The dataset contains 3153 observations (counties) and 11 variables.
The following table lists each variable and its description.
Variable.Name | Type | Description |
---|---|---|
county_fips | Numerical | A unique 5-digit Federal Information Processing Standard code for the county. |
state | Categorical | The name of the U.S. state. |
county_name | Categorical | The name of the county. |
winning_party_votes | Numerical | Total votes for the winning party in the 2020 presidential election. |
winning_party | Categorical | The political party that won the county in 2020. |
unemployment_rate | Numerical | The county’s unemployment rate for 2020 (%). |
PCTPOVALL_2019 | Numerical | The estimated percentage of people in poverty in the county in 2019. |
percent_less_than_hs | Numerical | The percentage of adults with less than a high school diploma (2015-19). |
percent_hs_only | Numerical | The percentage of adults with only a high school diploma (2015-19). |
percent_some_college | Numerical | The percentage of adults with some college or an associate’s degree (2015-19). |
percent_bachelors_or_higher | Numerical | The percentage of adults with a bachelor’s degree or higher (2015-19). |
This section visualizes variable distributions and their relationships to answer key analytical questions.

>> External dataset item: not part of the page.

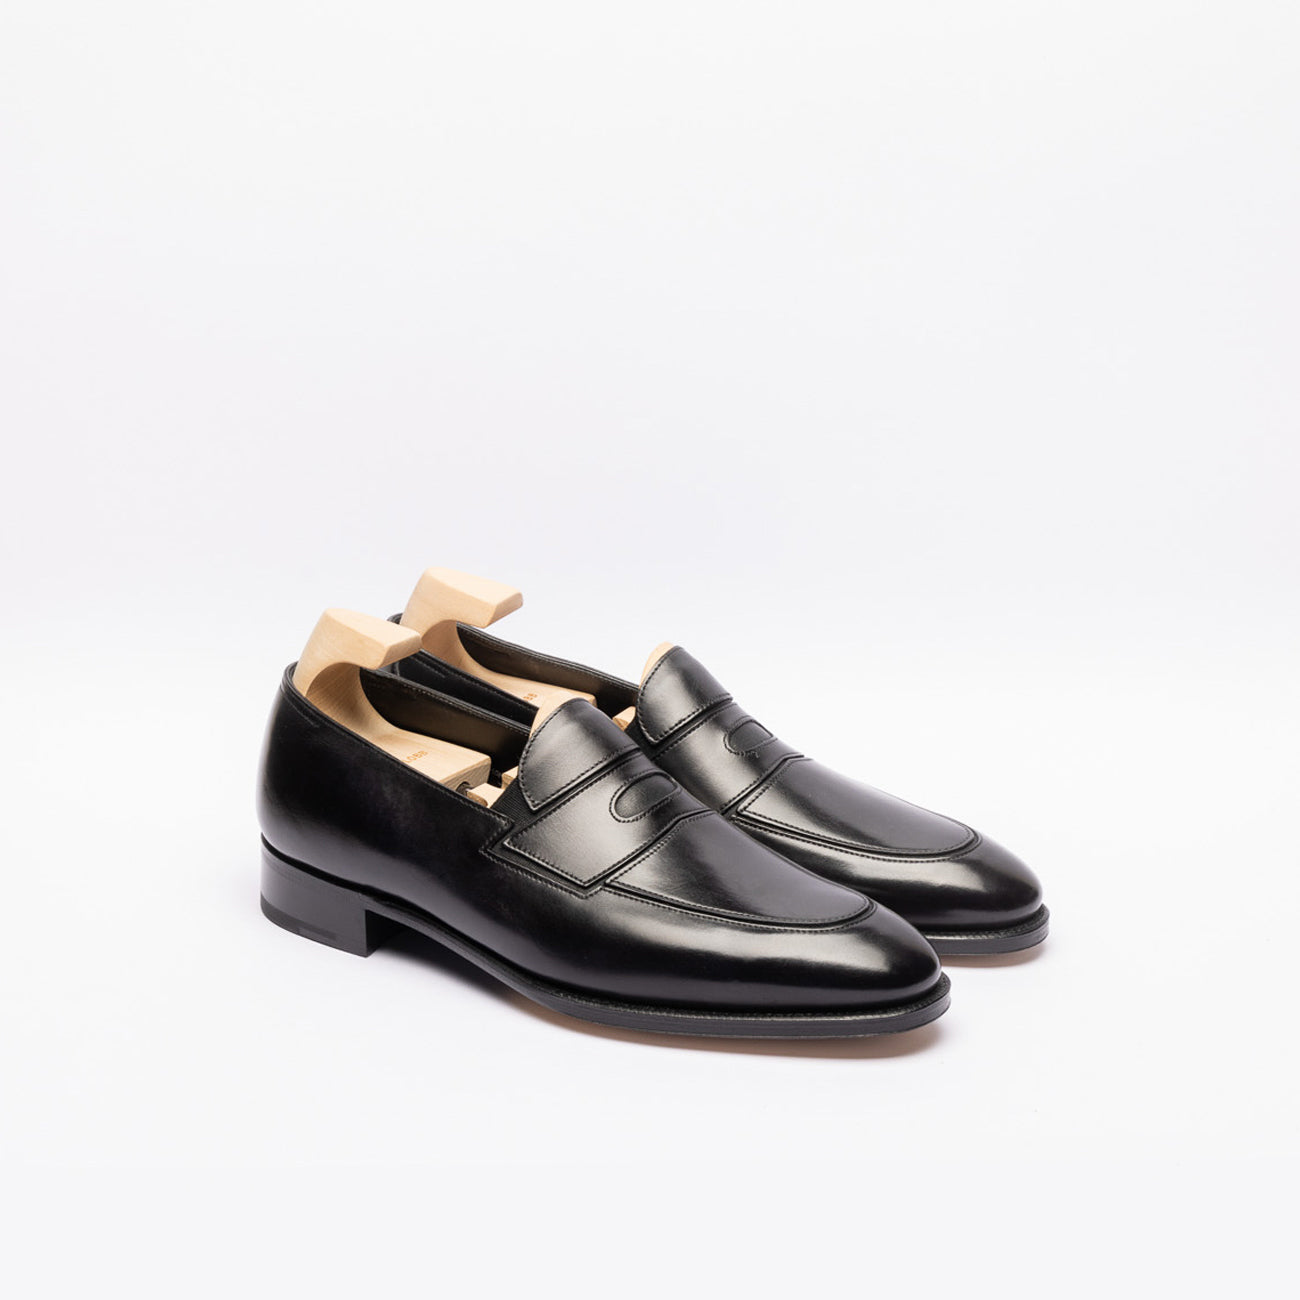 John Lobb Montgomery penny loafer in black leather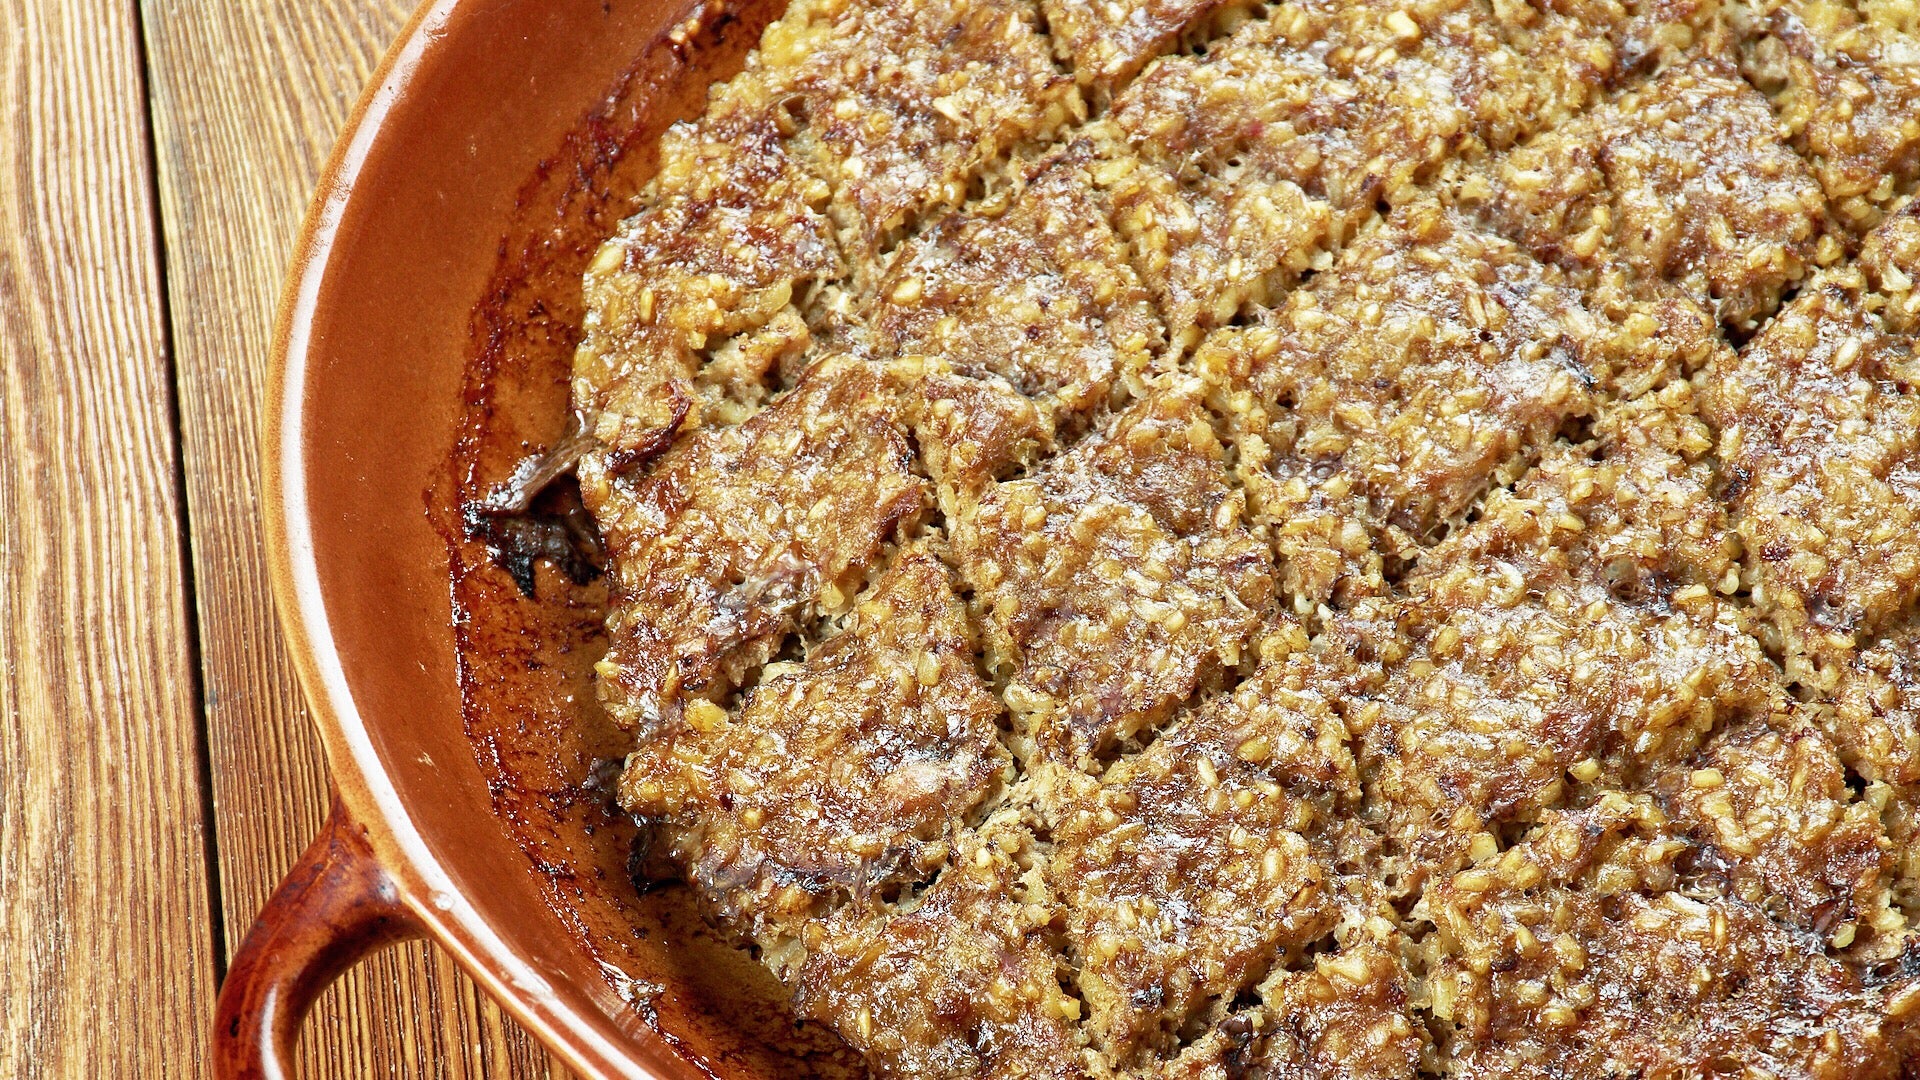 Make This Syrian Kibbeh Casserole When Your Budget Is Tight

Analytic Question: What are the typical distributions of key economic indicators like poverty and unemployment across U.S. counties?
Interpretation: The distribution of poverty rates is right-skewed, meaning most counties have a poverty rate below 20%, but a significant number of counties report higher rates, indicating widespread economic disparity.
Analytic Question: Is there a relationship between a county’s dominant political party and its level of educational attainment?
Interpretation: The boxplot shows that counties won by Democrats tend to have a higher median percentage of adults with a bachelor’s degree or higher compared to counties won by Republicans. The distribution for Democratic won counties is also more varied, with a wider interquartile range and more outliers.
Analytic Question: How do all the key numerical variables (education, poverty, unemployment) relate to one another?
Interpretation: The most distinct relationship is the strong negative correlation between the percent_bachelors_or_higher and the PCTPOVALL_2019 (poverty rate). As one goes up, the other clearly goes down. There is a strong positive correlation between percent_less_than_hs and the poverty rate, indicating that less educated adults is associated with higher poverty.
The Exploratory Data Analysis reveals strong, consistent relationships between education and economic status at the county level. Counties with more highly educated populations tend to show lower rates of poverty and unemployment.
Furthermore, these socioeconomic indicators appear to correlate with political outcomes, as seen in the differing educational levels of counties based on their 2020 election results.
Research questions that can be posed following this EDA consists of:
Correlation of winning party votes and unemployment rate?
Relationship between adults at differing educational levels and county poverty rates?